# Spot Metering Automatic Vs. Manual



## FLCKeats (Mar 29, 2017)

Hi all,

In short, I had a coworker today tell me that you "don't spot meter on manual mode". 

This threw me through a loop. I'm not a beginner, but I'm not advanced, and I've always used various metering modes on manual to achieve the correct exposure.

Any insight? Always down to learn something new.

Thanks!


----------



## tirediron (Mar 29, 2017)

I'd ask him 'Why not?".  Metering modes and exposure modes are not linked.  I'm as likely to spot meter in manual as I am to use centre-weighted in aperture-priority.  Use whatever gets the result you need.


----------



## FLCKeats (Mar 29, 2017)

Her explanation was that: "You only use spot-metering on automatic so that when you meter on the 'spot' you want, the automatic exposure compensates and corrects the rest of the image, as where on manual, you have to go in and fix everything else once that one spot is correctly metered."


----------



## Designer (Mar 29, 2017)

Does the coworker claim to know anything about photography?  I think you should just keep doing what you need to do, and never mind what that person told you.


----------



## FLCKeats (Mar 29, 2017)

Designer said:


> Does the coworker claim to know anything about photography?  I think you should just keep doing what you need to do, and never mind what that person told you.

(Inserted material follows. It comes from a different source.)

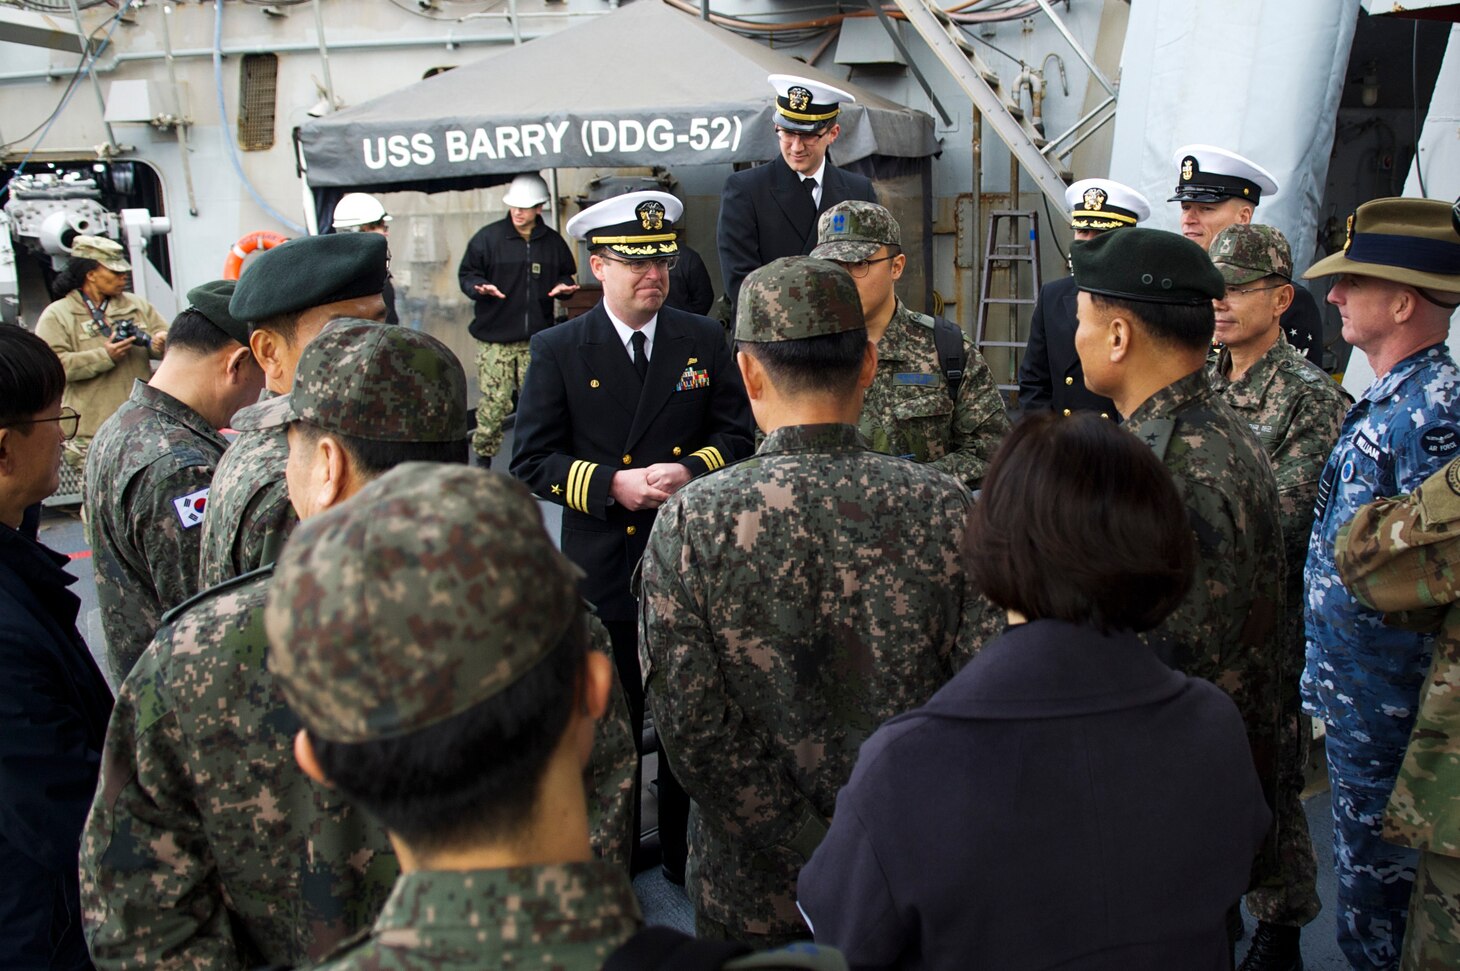 YOKOSUKA, Japan (Jan. 15, 2019) Cmdr. William C. Blodgett, the commanding officer of the Arleigh Burke-class guided-missile destroyer USS Barry (DDG 52), welcomes aboard Republic of Korea and Australia military officials aboard Barry for a ship tour. Barry is forward-deployed to the U.S. 7th Fleet area of operations in support of security and stability in the Indo-Pacific region.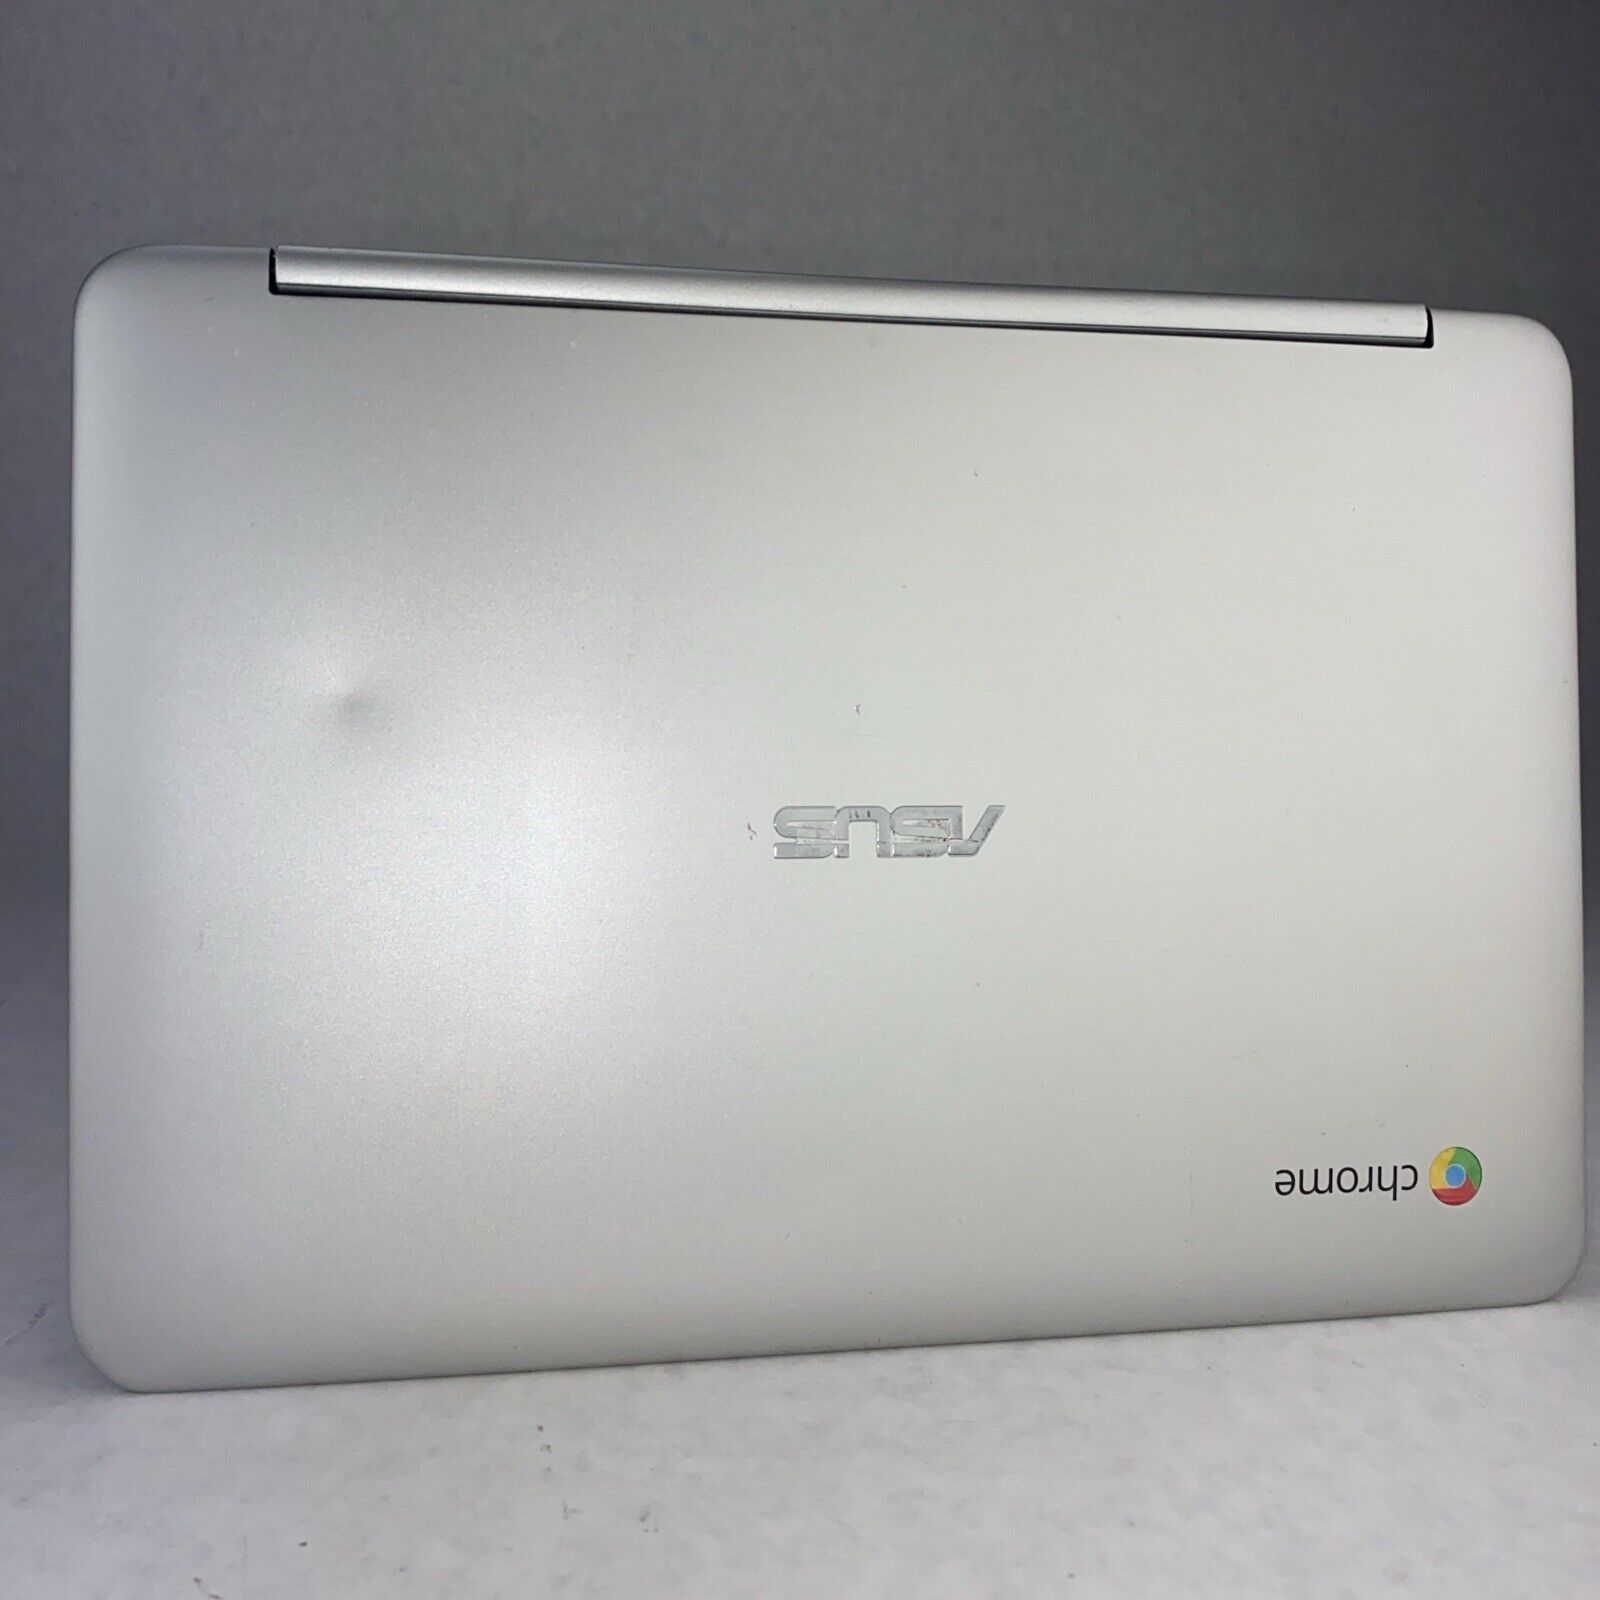 Asus C100P Flip 2-in-1 Touchscreen 10.1" Chromebook 4GB RAM 16GB SSD No Charger

That's actually what threw me off. She previously worked at a camera/photography store and produces nice prints. I'm not sure if she's taking an odd stance on this, but I've never heard of her commentaire practiced by any photographer.


----------



## table1349 (Mar 29, 2017)

Your coworker brings this to mind.  N.S.F.W.


----------



## Ysarex (Mar 29, 2017)

FLCKeats said:


> Her explanation was that: "You only use spot-metering on automatic so that when you meter on the 'spot' you want, the automatic exposure compensates and corrects the rest of the image, as where on manual, you have to go in and fix everything else once that one spot is correctly metered."



That explanation suggests a fundamental misunderstanding of how cameras work.

Joe


----------



## table1349 (Mar 29, 2017)

Ysarex said:


> FLCKeats said:
> 
> 
> > Her explanation was that: "You only use spot-metering on automatic so that when you meter on the 'spot' you want, the automatic exposure compensates and corrects the rest of the image, as where on manual, you have to go in and fix everything else once that one spot is correctly metered."
> ...


Ya Think???


----------



## Overread (Mar 29, 2017)

FLCKeats said:


> Her explanation was that: "You only use spot-metering on automatic so that when you meter on the 'spot' you want, the automatic exposure compensates and corrects the rest of the image, as where on manual, you have to go in and fix everything else once that one spot is correctly metered."



I think this person has a bit of an odd stance on a single metering mode which likely reflects on incomplete understanding on their part; or a poor phrasing of their reasoning.

No matter what metering mode you use you still have to change the settings yourself in manual mode. Spot metering is no different. Spot metering in manual can let you spot meter one spot; let you change those settings for that point and then recompose knowing that the settings are based on the spot you selected no matter where you recompose to. 

You can also use spot metering to meter on various light sources to get a rough idea of the overall exposure spread of a scene and then, in manual mode, pick settings that would best balance that scene exposure wise.


----------



## Derrel (Mar 29, 2017)

Well...there's more than one way to use a camera. In Av or A mode, you can use spot metering, meter a desired spot, and let the shutter speed move up or down to whatever, and press the AE lock button with the right thumb, to HOLD the reading, compose, focus, and shoot. This is a fast way to use SPOT metering in an automated metering mode.

Other people will use M mode, and place the spot on the metering area, and *manually* adjust the exposure to the right value, and then leave it there. This is the most-commony heard of, most normal, accepted way to SPOT meter a scene. But not the 'only' way!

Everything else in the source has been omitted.